All parameters are stored as XOR encrypted strings. The following table lists the purpose of the parameters along with the value from the examined sample. The full meaning of the parameters will become clear when discussing the individual parts of the DGA:
variable | value | purpose |
---|---|---|
seed_constant | 42 | A constant added to the seed. This allows for different sets of generated domains at any given point in time. |
days_period | 16 | For how many days the DGA will produce the same domains. For example, the value 16 means the DGA produces one set of domains for the first 16 days of the month, and a new set for the second half. |
nr_of_domains | 64 | How many different domains the DGA generates before restarting with the first domain. |
third_lvl_min_len | 8 | How long the third level domain is at the least. |
third_lvl_max_len | 15 | How long the third level domain is at most. |
The DGA
Random Number Generator
The malware uses msvcrt’s implementation of rand — a linear congruential pseudo-random number generator with multiplier 214013 and increment 2531011. The code is inlined — meaning each call to rand amounts about six lines of assembly:
100066CC mov ecx, [esi]
100066CE imul ecx, 343FDh
100066D4 add ecx, 269EC3h
100066DA mov [esi], ecx
...
100066E1 shr ecx, 10h
100066E4 and ecx, 7FFFh
In many cases the removal of the low order bytes and clipping to RAND_INT is optimized away by the compiler. For example:
100066CC mov ecx, [esi]
100066CE imul ecx, 343FDh
100066D4 add ecx, 269EC3h
100066DA mov [esi], ecx
...
100066E1 test ecx, 1000000h
In contrast to the famous Conficker.B, the rand function is used correctly and all random aspects of the DGA are truly pseudo-random.
Seed
The random number generator is seeded with the current date and a hardcoded constant:
10008625 call ds:GetLocalTime ; kernel32.GetLocalTime
1000862B movzx eax, [esp+60h+day]
10008630 xor edx, edx
10008632 div [esp+60h+days_period] ; is 0x10
10008636 mov [esp+60h+domain_counter], 0
1000863E mov edx, eax
10008640 movzx eax, [esp+60h+month]
10008645 imul edx, 100
10008648 add edx, eax
1000864A movzx eax, [esp+60h+year]
1000864F imul edx, 10000
10008655 add edx, [esp+60h+seed_constant] ; is 0x2A
10008659 add eax, edx
which calculates:
$$ \text{seed} = \left( \left\lfloor \frac{day}{\text{days_period}} \right\rfloor \cdot 100 + \text{month} \right)\cdot 10000 + \text{year} + \text{seed_constant} $$
The configurable seed_constant
(42 for all four samples listed in the introduction) allows for different sets of domains at the same point in time. The parameter days_period
controls how many days the DGA will produces the same domains. For the examined sample I got days_period = 16
, meaning the domains will change twice a month.
Third Level Domain Length
Right after the DGA is seeded, the length of the third level domain is determined:
10008666 mov ebx, [esp+60h+third_lvl_max_len]

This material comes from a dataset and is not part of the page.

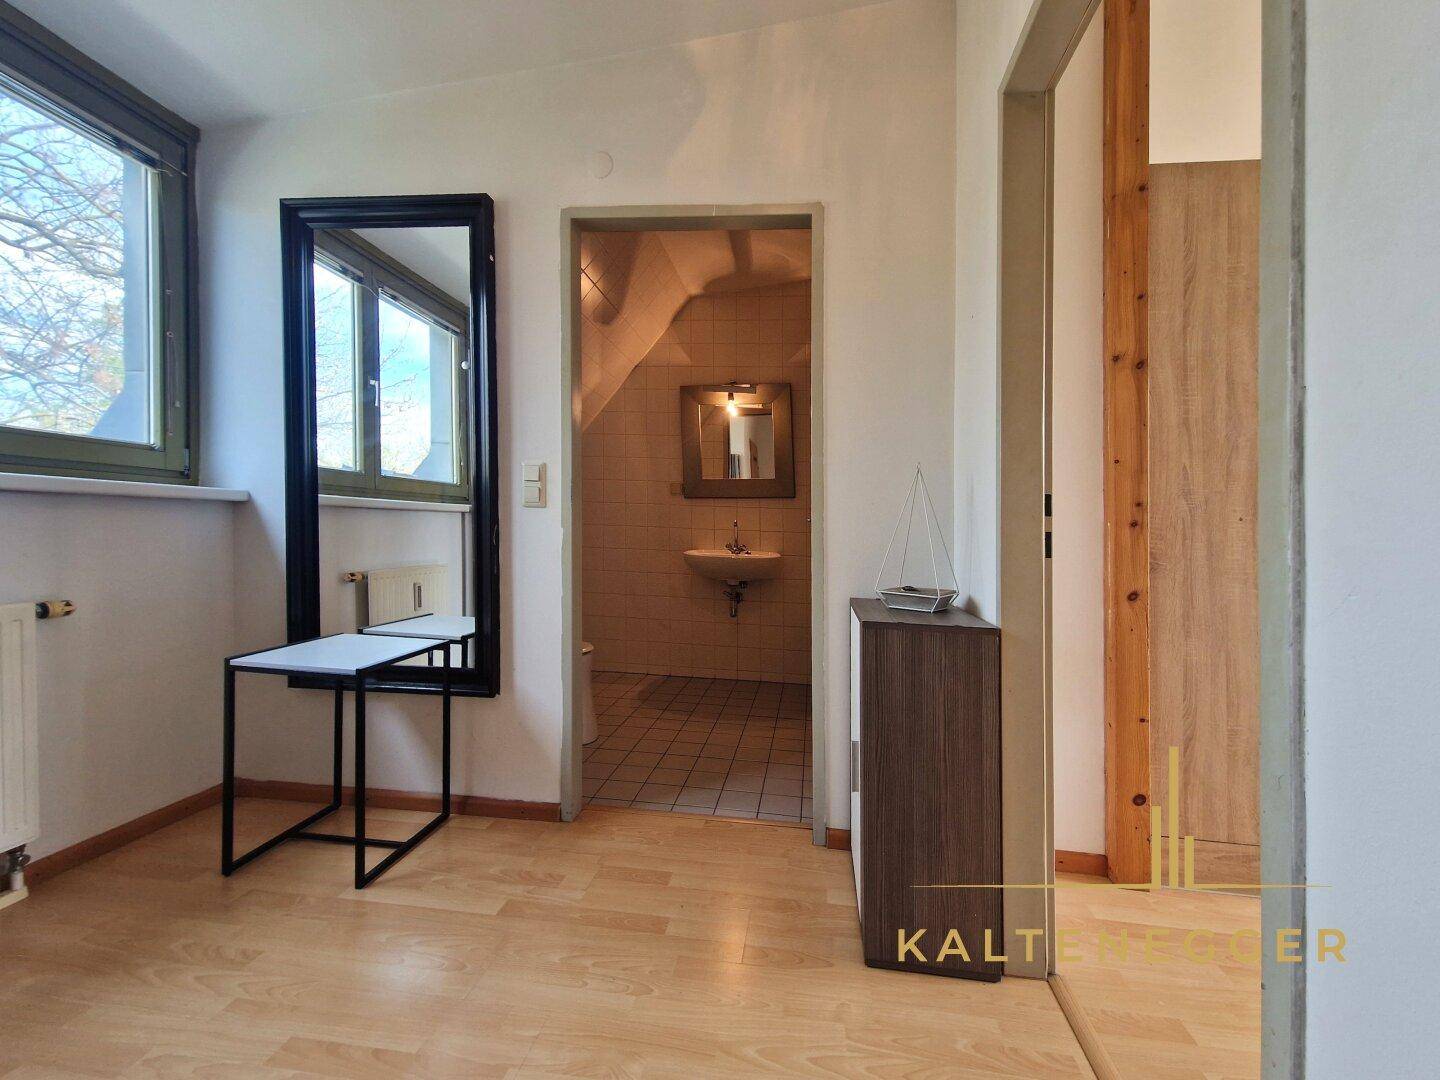 Vorzimmer mit Blick in das Bad, Tür rechts zum Wohnzimmer mit offener Küche

1000866A sub ebx, [esp+60h+third_lvl_min_len]
1000866E inc ebx
1000866F jmp short loc_10008675
10008671 ; ---------------------------------------------------------------------------
10008671
10008671 loc_10008671: ; CODE XREF: calls_create_next_url+B00j
10008671 mov eax, [esp+60h+rand]
10008675
10008675 loc_10008675: ; CODE XREF: calls_create_next_url+9FFj
10008675 imul eax, 343FDh
1000867B add eax, 269EC3h
10008680 mov [esp+60h+rand], eax
10008684 shr eax, 10h
10008687 and eax, 7FFFh
1000868C xor edx, edx
1000868E div ebx
...
1000869B add edx, [esp+68h+third_lvl_min_len]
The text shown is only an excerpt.